"Gaza ist ein Friedhof für Kinder geworden"
JERUSALEm. Bei dem Hamas-Terrorüberfall am 7. Oktober auf Israel sind nach israelischen Armeeangaben mindestens 240 Geiseln in den Gazastreifen verschleppt worden.
Darüber seien die Angehörigen informiert worden, teilte der Sprecher der israelischen Armee, Daniel Hagari, am Dienstag mit. Das Militär geht eigenen Angaben zufolge davon aus, dass die meisten der Geiseln noch am Leben sind. Zuvor hatte die Familie der Deutschen Shani Louk am Montag mitgeteilt, dass die junge Frau tot ist.
Darüber habe sie die israelische Armee informiert. Die Eltern waren zunächst davon ausgegangen, dass die 22-jährige nach dem Terrorüberfall verletzt, aber lebend in den Gazastreifen verschleppt worden war. Nach Militärangaben gelten seit dem Terrorüberfall immer noch 40 Menschen als vermisst. Wegen des schlimmen Zustands vieler Leichen ist auch die Identifikation noch nicht abgeschlossen.
Unterdessen trieb Israel nach eigenen Angaben die Bodeneinsätze im Gazastreifen voran. "Hunderte Ziele der mörderischen Hamas-Terrororganisation" seien bei "koordinierten Luft- und Bodenangriffen" attackiert worden, teilte der israelische Armeesprecher Daniel Hagari am Dienstag mit. Dabei sei auch ein führender Kommandant des Terror-Überfalls im Süden Israels am 7. Oktober getötet worden.
Angaben zu den Standorten der Truppen oder einer Verstärkung der Einheiten machte er nicht. "Während wir sprechen, kämpfen unsere Soldaten auf dem Schlachtfeld, (...) beteiligen sich an heftigen Nahkämpfen, bei denen sie Terroristen beseitigen", sagte er. "Die kommenden Wochen werden Widerstandsfähigkeit und Geduld von uns allen verlangen", sagte er.
Israels Armee hatte am Wochenende eine neue Phase im Krieg gegen die im Gazastreifen herrschende Hamas eingeläutet. Neben massiven Luftangriffen weiteten die israelischen Truppen auch ihre Einsätze am Boden aus. Medienberichten zufolge sollen sie am Montag etwa drei Kilometer in den Gazastreifen vorgestoßen sein.
3450 Kinder getötet
Laut UNICEF wurden in Gaza bis dato 3.450 Kinder getötet. "Gaza ist ein Friedhof für Kinder geworden", sagte Sprecher James Elder am Dienstag während eines Briefings in Genf. Eine Quelle für die Zahl nannte er nicht.
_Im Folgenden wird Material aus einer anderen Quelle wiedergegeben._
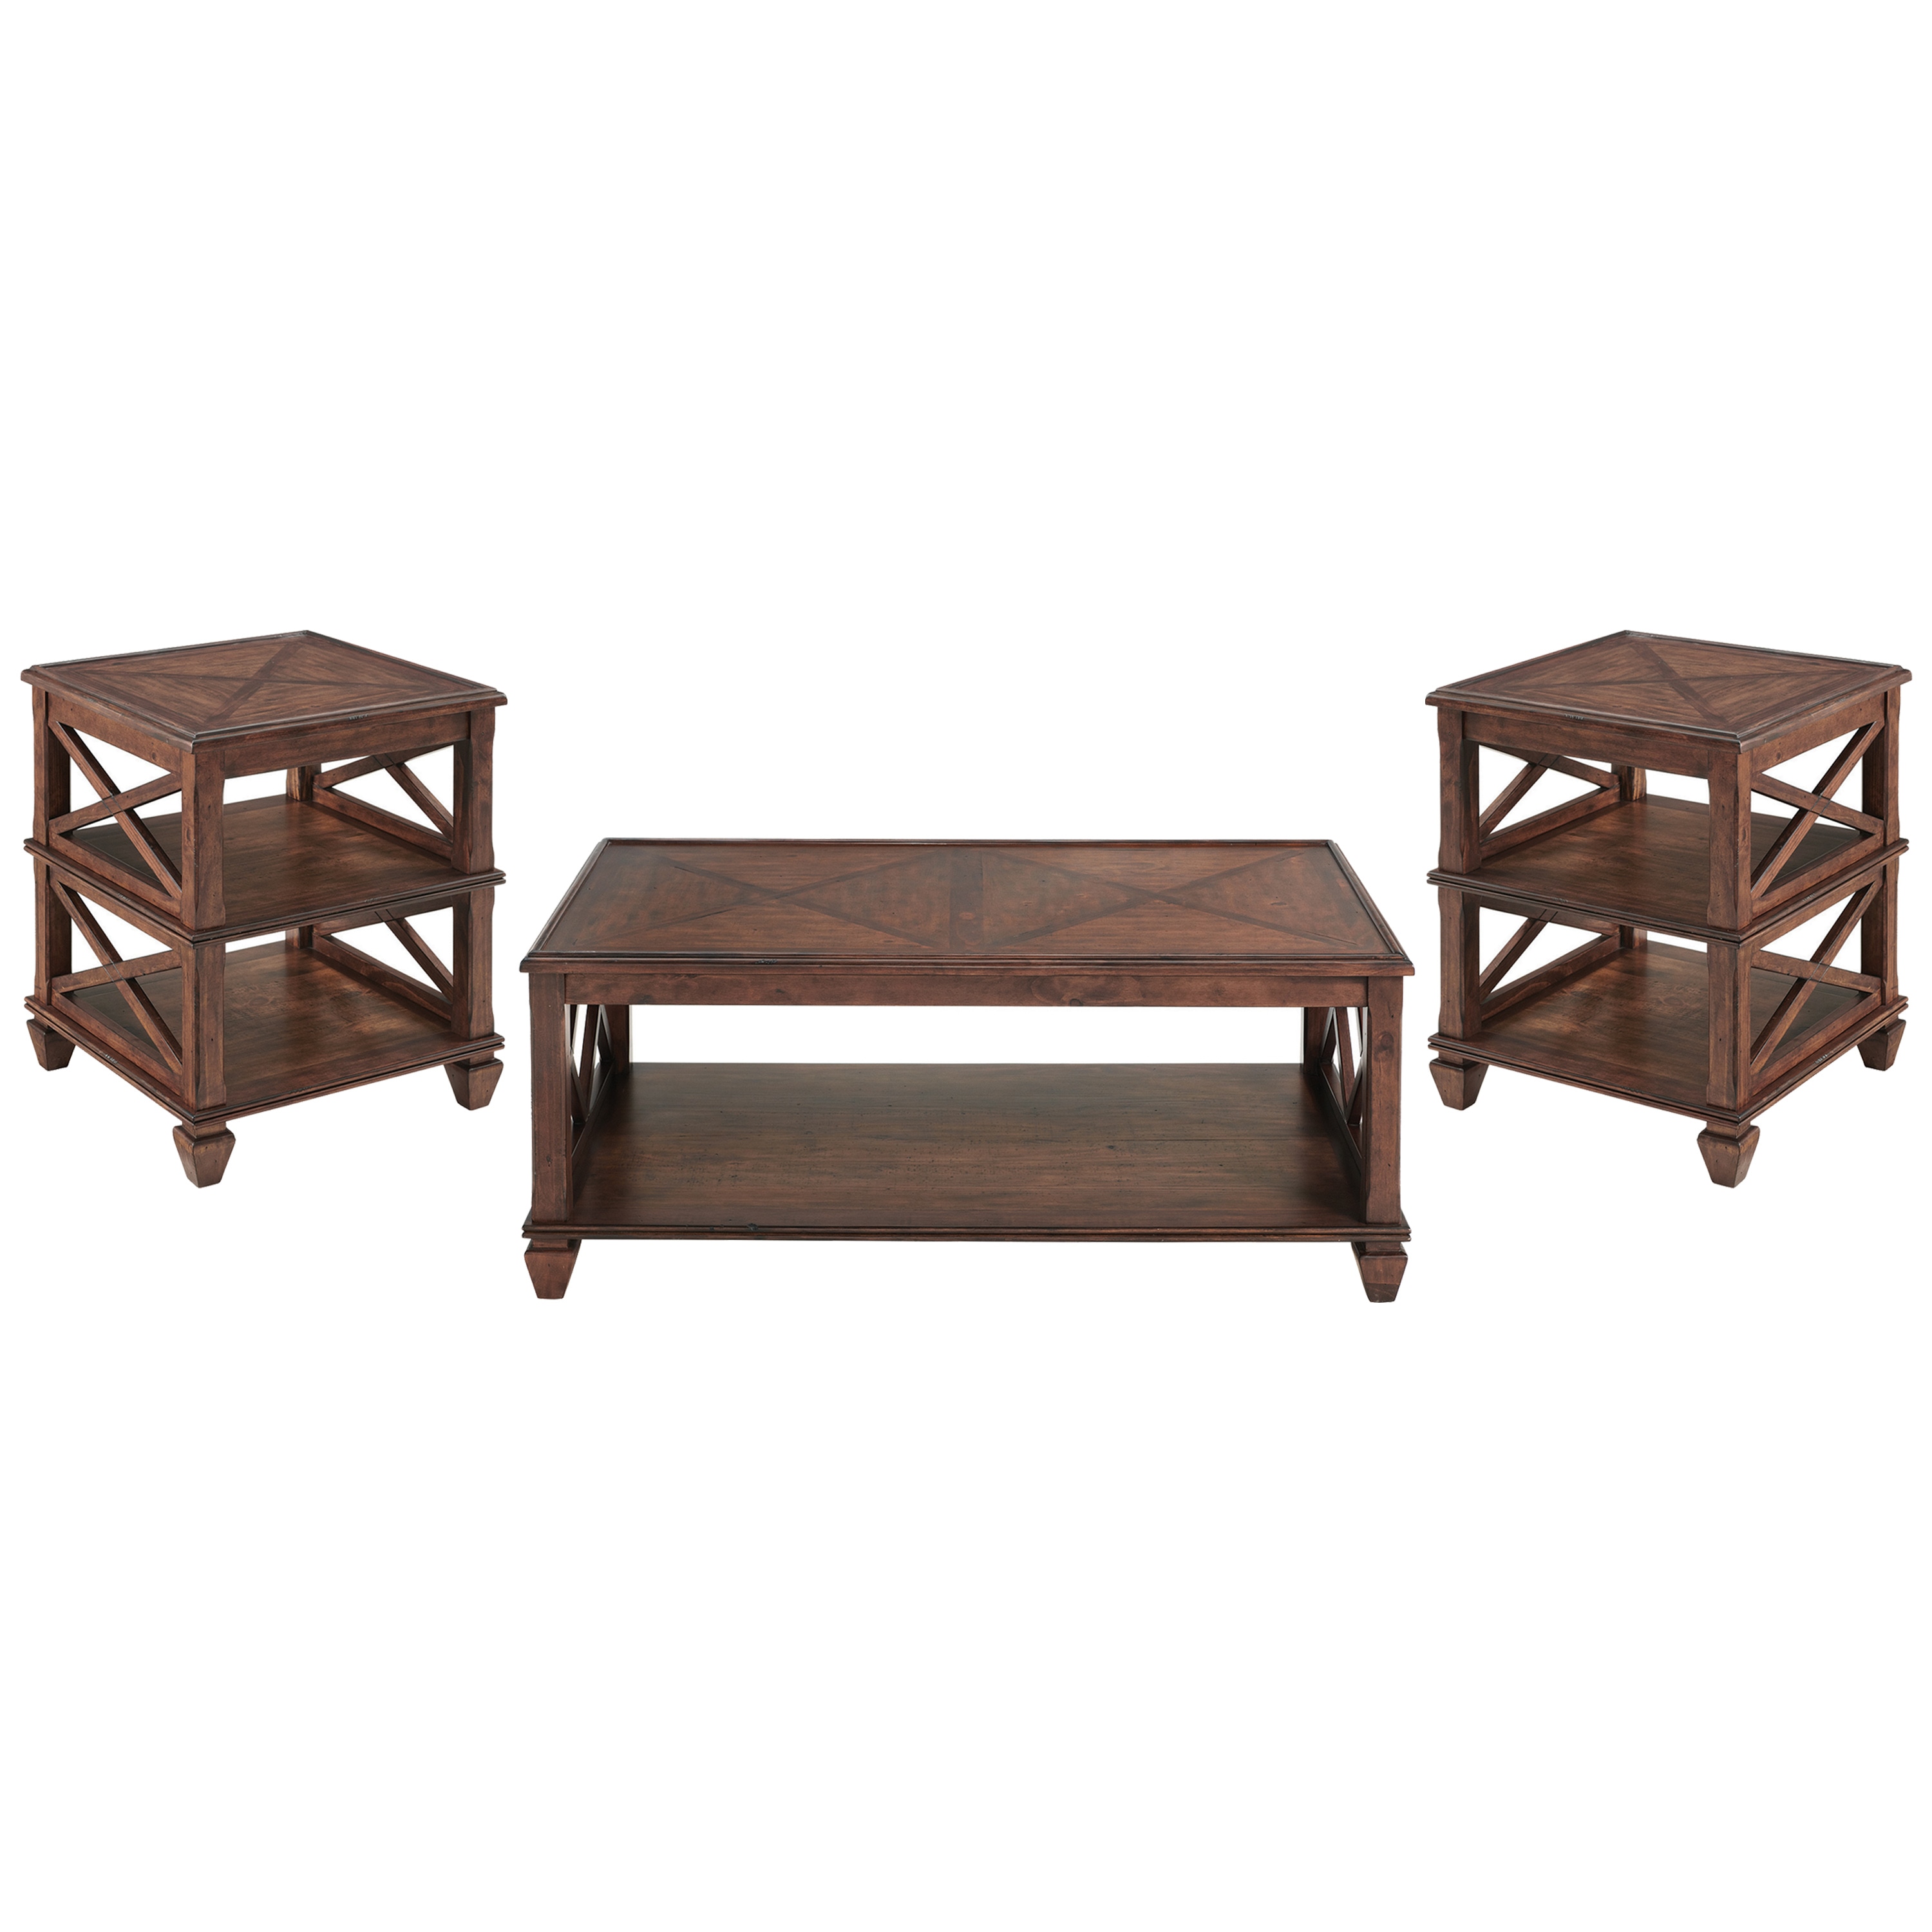 Alaterre Furniture Stockbridge 3 Piece, End Tables For Living Room Set Of 2

Ohne Lieferungen von Treibstoff, Medikamenten, Wasser und Lebensmitteln könnten die aktuellen Zahlen bald "nur die Spitze eines Eisbergs sein", so Elder weiter.
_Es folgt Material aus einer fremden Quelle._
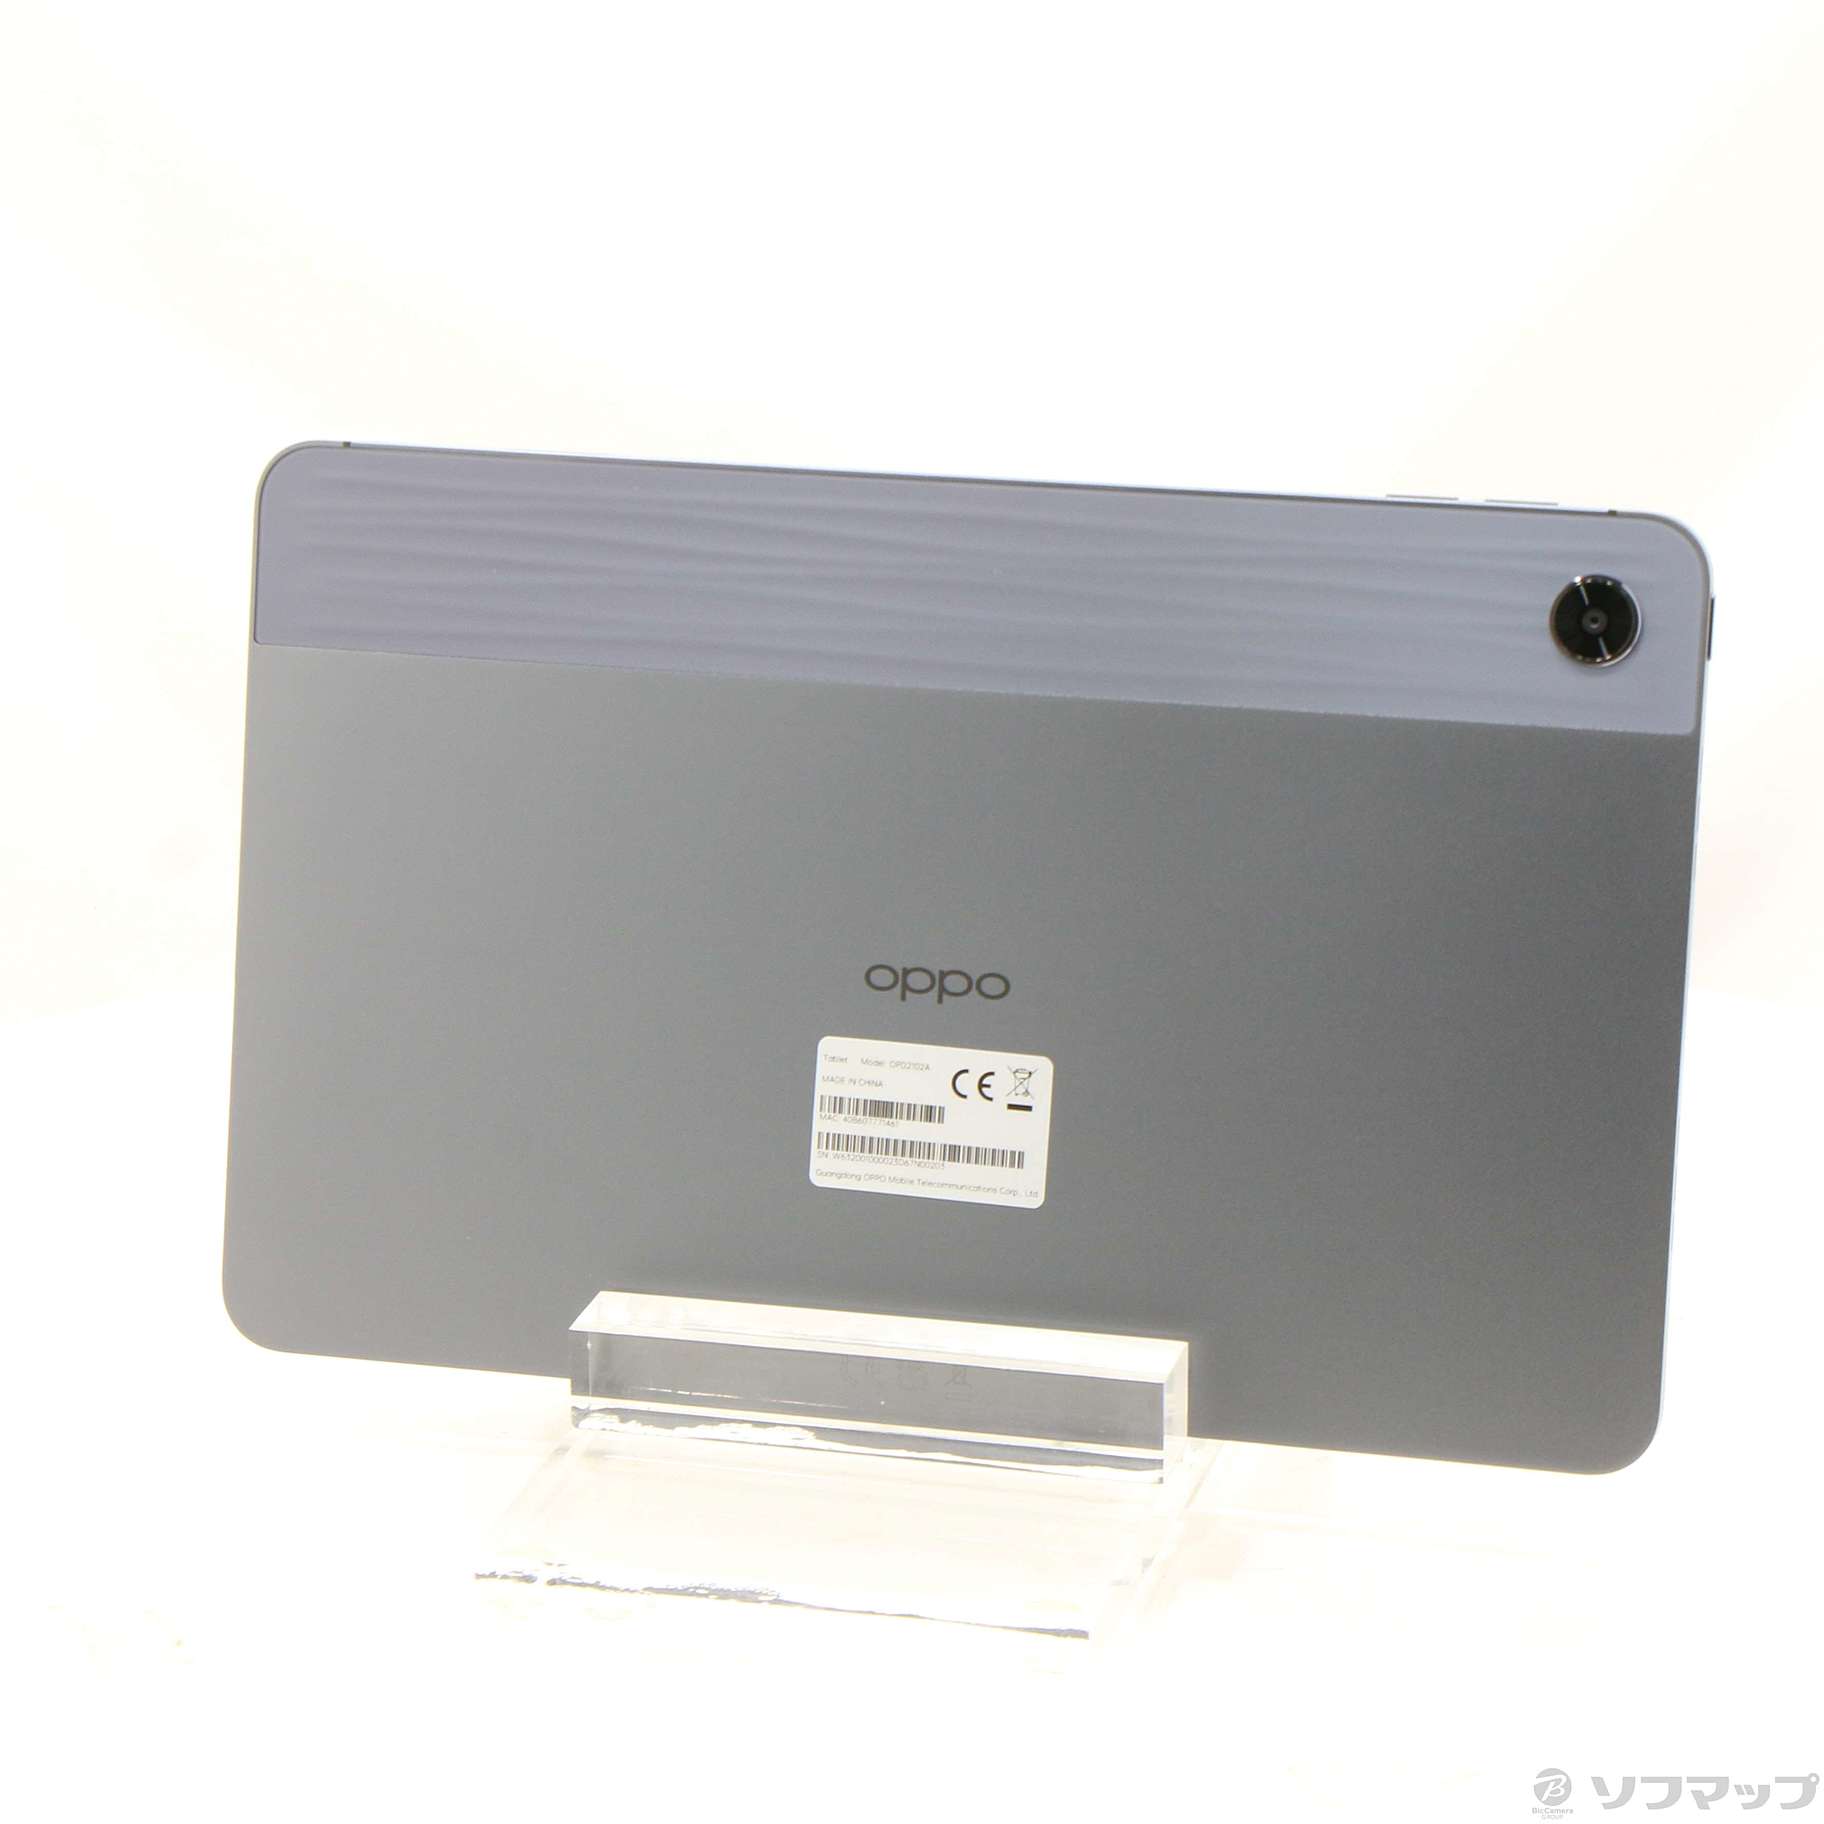 OPPO Pad Air タブレット 128GB ケース付き【新品 未開封】

Treibstoff werde unter anderem gebraucht, um die Generatoren der Kliniken zu betreiben, Wasser aufbereiten zu können und für die Rettungsfahrzeuge, sagte ein WHO-Sprecher. Die UNO-Vertreter forderten erneut eine sofortige Waffenruhe.
Auch Kuwaits Kronprinz Sheikh Meshaal Jaber Al-Ahmad Al-Sabah forderte eine Feuerpause. Israels Regierungschef Benjamin Netanyahu lehnte eine solche im Krieg gegen die Hamas ab.
Nach Angaben von Augenzeugen das Privathaus wurde eines Hamas-Kommandanten im Westjordanland zerstört. Dabei handelt es sich um den Familiensitz von Saleh al-Aruri, ein im Exil lebender Anführer der Hamas-Kampfeinheiten in dem teilweise von Israel besetzten Gebiet. Vermutet wird, dass Aruri im Libanon lebt. Er ist Stellvertreter von Hamas-Chef Ismail Haniyeh. Aruri gehört zu den Führungsfunktionären der radikal-islamischen Organisation, die von Israel als Ziele für Vergeltung der Angriffe vom 7. Oktober benannt wurden. Nach Aussagen von Anwohnern war das Haus zum Zeitpunkt der Zerstörung unbewohnt. Die palästinensischen Gebiete des Westjordanlands werden von der Fatah-Organisation von Palästinenserpräsident Mahmoud Abbas kontrolliert, die Hamas versucht allerdings, auch dort stärker Fuß zu fassen.